进一步地,所述步骤1中:所述成环反应溶剂和
H-Gly-Pro-Gln(Trt)-Gly-Pro-Gln(Trt)-OH的重量比例为(650-750):1;
所述步骤2中反应溶剂和Cyclo(Gly-Pro-Gln(Trt)-Gly-Pro-Gln(Trt))的重量比为(1-2):1。
进一步地,所述步骤2中,TFA和反应溶剂的重量比为1:(1-1.2);乙酸乙酯的量和反应溶剂的比例为(5-6):1。所述碳正离子捕获剂与中间体Cyclo(Gly-Pro-Gln(Trt)-Gly-Pro-Gln(Trt))的重量比为(20-35):100。
其中,还包括原料H-Gly-Pro-Gln(Trt)-Gly-Pro-Gln(Trt)-OH的合成方法:
(1)Cbz-Gly-Pro-Gln(Trt)-OMe的合成;
(2)Cbz-Gly-Pro-Gln(Trt)-OH的合成;
(3)H-Gly-Pro-Gln(Trt)-OMe的合成;
(4)Cbz-Gly-Pro-Gln(Trt)-Gly-Pro-Gln(Trt)-OMe的合成;
(5)Cbz-Gly-Pro-Gln(Trt)-Gly-Pro-Gln(Trt)-OH的合成;
(6)H-Gly-Pro-Gln(Trt)-Gly-Pro-Gln(Trt)-OH的合成。
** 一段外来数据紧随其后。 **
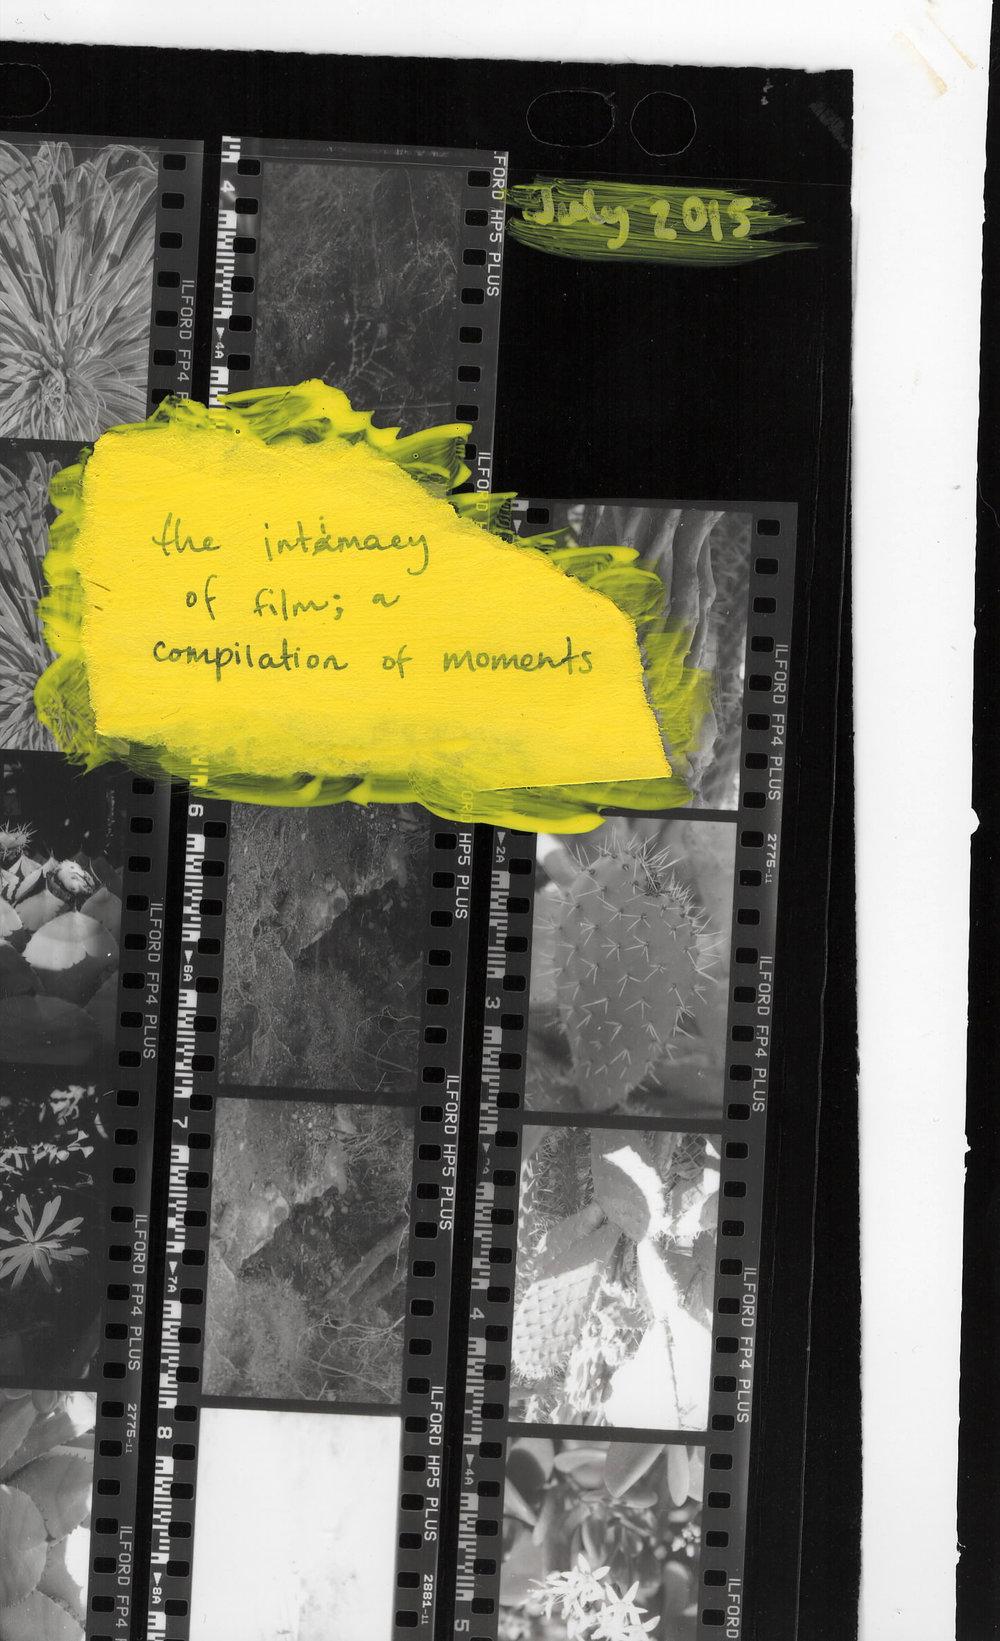 the intimacy of film.jpg

具体地,所述H-Gly-Pro-Gln(Trt)-Gly-Pro-Gln(Trt)-OH的合成方法包括:
(1)Cbz-Gly-Pro-Gln(Trt)-OMe的合成;
向反应器中,加入第一溶剂,然后依次加入Cbz-Gly-Pro-OH,H-Gln(Trt)-OMe·HCl,温度保持0-5度,加入缩合剂,滴加碱,待反应完后,将反应液滴到水中,析出固体,抽滤,滤饼干燥;
所述第一溶剂和Cbz-Gly-Pro-OH的质量比例为(3-4):1;
Cbz-Gly-Pro-OH:H-Gln(Trt)-OMe·HCl:缩合剂:碱之间的摩尔比例为1:(1.2-1.5):1:3;所述水和第一溶剂的质量比为10:1;
(2)Cbz-Gly-Pro-Gln(Trt)-OH的合成;
向反应器中,加入第二溶剂,加入Cbz-Gly-Pro-Gln(Trt)-OMe,调pH至12.0-12.5,在50-55度反应,待反应完后,加入水,调节pH为3.5-4.0,析出大量白色固体,抽滤,滤饼干燥;
所述第二溶剂和Cbz-Gly-Pro-Gln(Trt)-OMe的质量比例为1:(0.8-1.2);
(3)H-Gly-Pro-Gln(Trt)-OMe的合成;
向反应器中,加入第三溶剂,Cbz-Gly-Pro-Gln(Trt)-OMe和催化剂,通入氢气,60-65度,待反应完,抽滤反应液,滤液浓缩、干燥;
所述第三溶剂和Cbz-Gly-Pro-Gln(Trt)-OMe的重量比例为(2-3):1;
所述催化剂为钯碳,所述Cbz-Gly-Pro-Gln(Trt)-OMe和钯碳的重量比为(80-120):1;
(4)Cbz-Gly-Pro-Gln(Trt)-Gly-Pro-Gln(Trt)-OMe的合成;
向反应器中,加入第一溶剂、Cbz-Gly-Pro-Gln(Trt)-OH和
H-Gly-Pro-Gln(Trt)-OMe,温度保持0-5度,加入缩合剂,滴加碱,待反应完后,将反应液滴到水中,析出固体,抽滤,滤饼干燥;
所述第一溶剂和Cbz-Gly-Pro-Gln(Trt)-OH的重量比例为(3-4):1,所述缩合剂为HBTU或HATU或T3P;
所述Cbz-Gly-Pro-Gln(Trt)-OH:H-Gly-Pro-Gln(Trt)-OMe:缩合剂:碱之间的摩尔比例为1:1:1:3,所述第一溶剂和水的比例为1:10。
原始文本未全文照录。